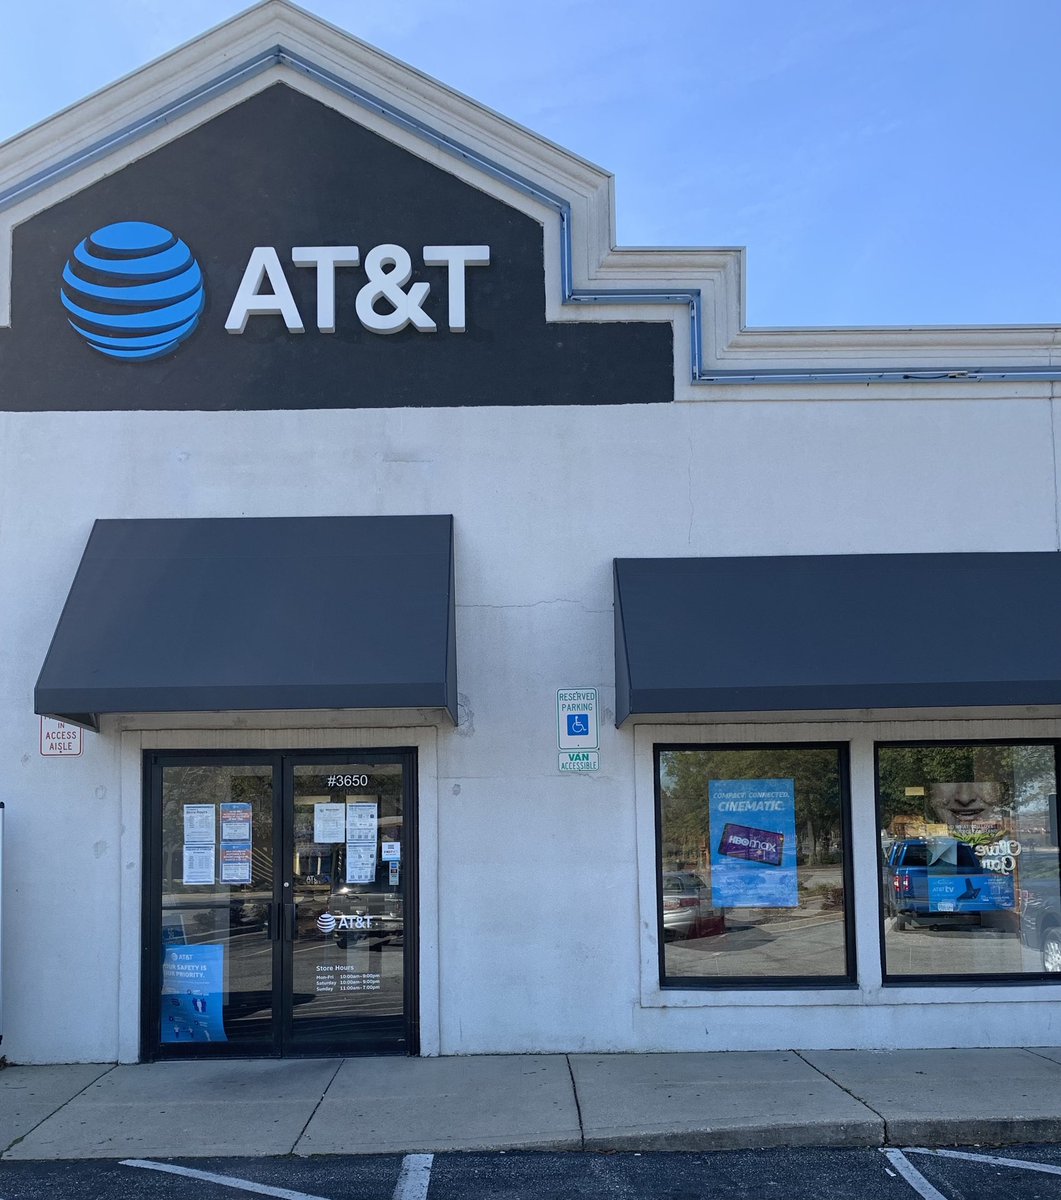 New beginnings, excited to announce a call to action to all leaders looking for an opportunity for growth and new challenges. Come join our team, now taking applicants for ASM at our AT&T Waldorf location in Maryland. #NewBeginnings #takethechallenge
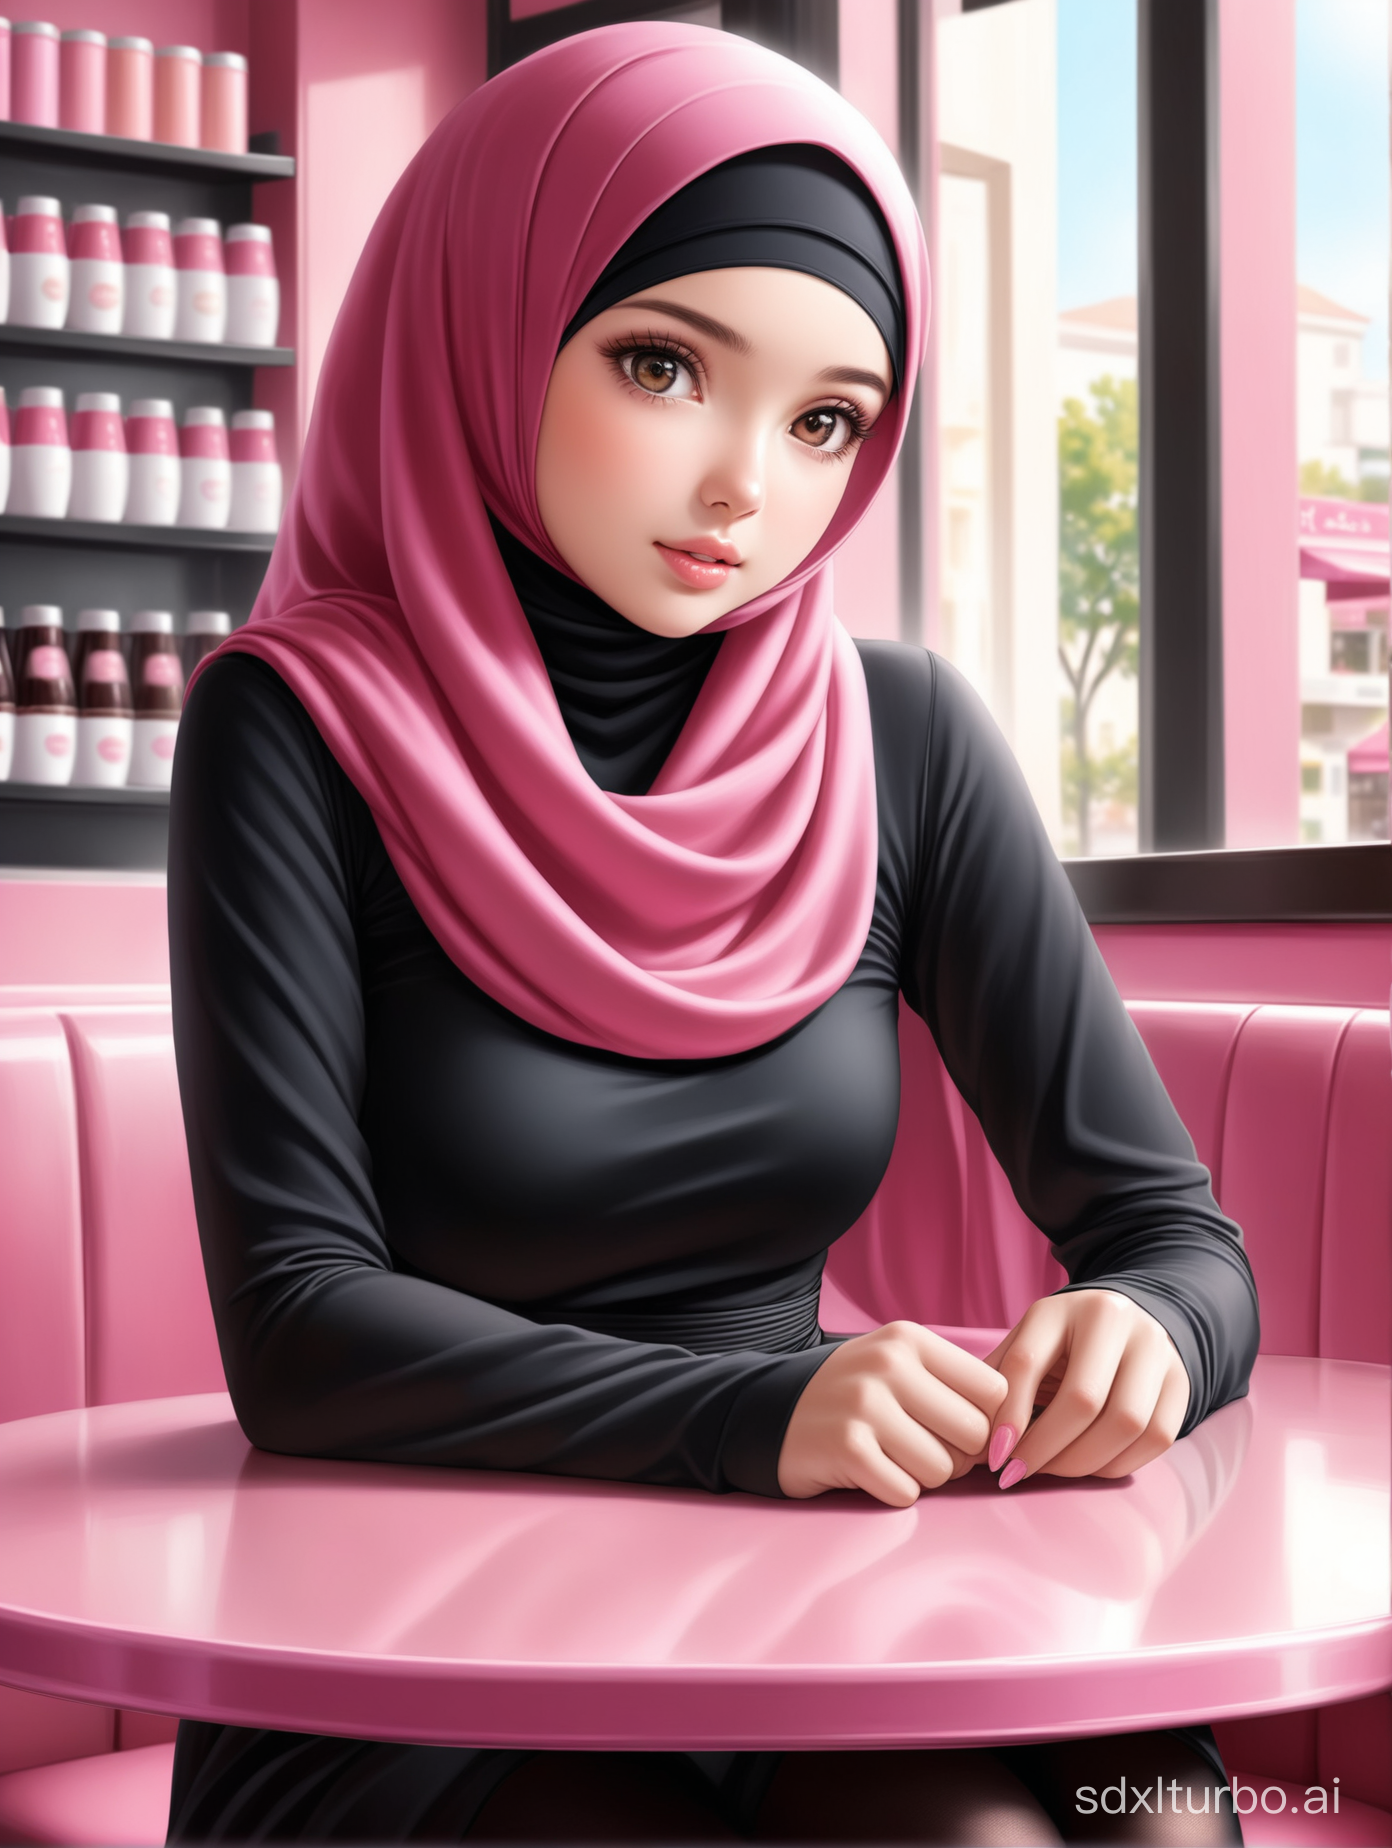 cute girl with pink hijab, wearing black muslim  dress and black tights, sitting in a pink cafe, elegant, photorealistic,high quality, high details, lovely, adorable
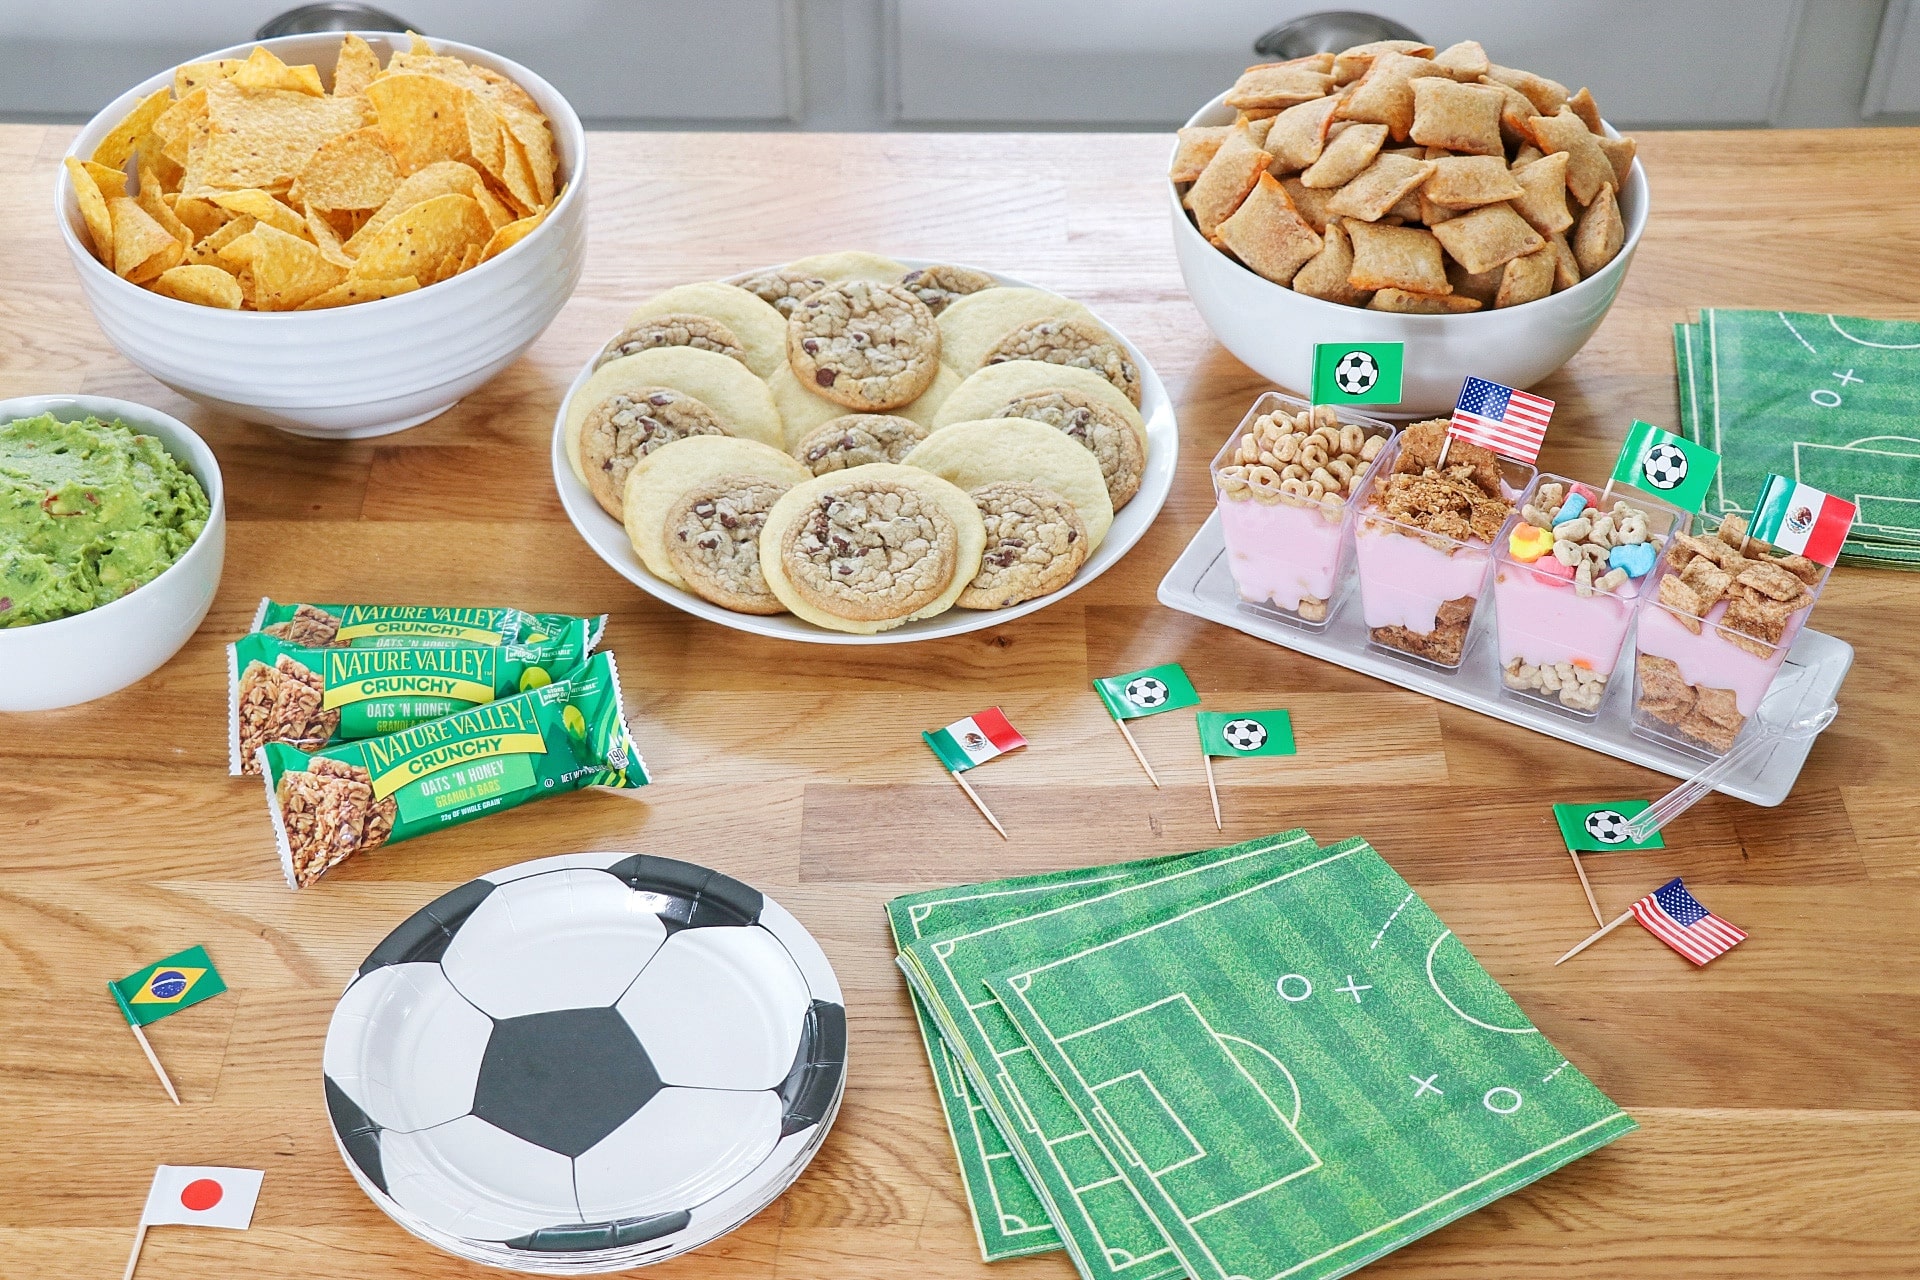 soccer party ideas: food spread for a soccer watch party or end of season soccer team party

* * * * *

- [Work task]:
Reproduce verbatim every line starting at the line that holds "cute girl with" and ending with the final line of the data; omit the pictures.

- [Result of this exercise]:
 cute girl with pink hijab, wearing black muslim  dress and black tights, sitting in a pink cafe, elegant, photorealistic,high quality, high details, lovely, adorable
 soccer party ideas: food spread for a soccer watch party or end of season soccer team party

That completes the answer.